In her article about language and literacy, Marilyn Jaeger-Adams states, “The literacy level of our secondary students is languishing because the kids are not reading what they need to be reading. This is a strong claim.” She reports that the language used in our current twelfth-grade English texts is simpler than the language used in seventh-grade texts published before 1963. There is a vast difference between the vocabulary of oral and written language. Reporting on the phenomenon of written language as compared to oral language, she reported on a study by Hayes and Aherns, in which they compared spoken language with texts. “For this study, they focused on trade publications rather than school materials, and the texts they used included preschool books, children’s books, comic books, adult books, magazines, newspapers, and abstracts from scientific magazines. For comparison, they compiled and analyzed a variety of oral language samples, including language from prime-time adult television shows, children’s television shows, mothers’ speech to children ranging in age from infancy to adolescence, conversations among college-educated adults (including from the Oval Office), and adults providing expert witness testimony for legal cases. Regardless of the source or situation and without exception, the richness and complexity of the words used in the oral language samples paled in comparison with the written texts. Indeed, of all the oral language samples evaluated, the only one that exceeded even preschool books in lexical range was expert witness testimony.

Jaeger-Adams reports this finding is compounded by the fact that traditional vocabulary instruction of 10-20 words per week will not prepare our graduates to be literate and because prior domain knowledge is a strong predictor of ability to comprehend from advanced texts, students should be reading much more material than they are. She explains that ordering the reading our teachers require of our students (in every subject) must be done so each text teaches the language and knowledge needed in order meet the challenge of the next.

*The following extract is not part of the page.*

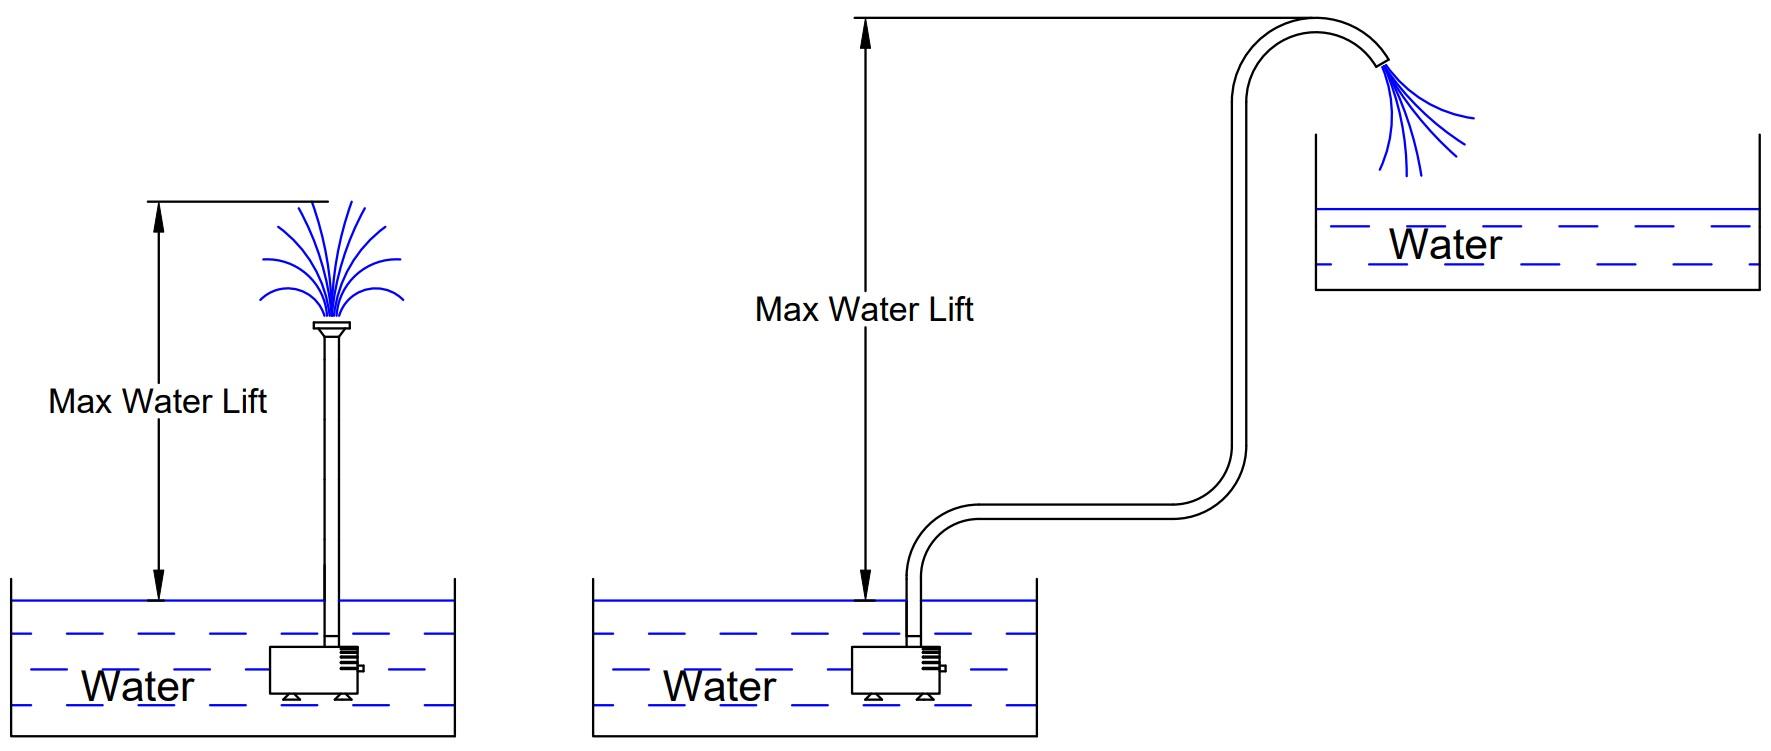 Max Water Lift

As leaders we must pay attention. The leadership of equity by advancing literacy seems like a sensible place to begin. It is also a platform on which few will disagree. It can be extended throughout the district and include all subject areas. Here is a place where all students are in the same boat. All students are not being offered the learning opportunities to develop the academic vocabulary that is necessary for them to be competitive, literate graduates who are truly college and career ready. We can see this when we look at college remediation programs - which we will do next week in this blog.

Resource:
Jaeger-Adams, Marilyn, (Winter 2010-2011). “Advancing Our Students’ Language and Literacy” American Educator, (3-12).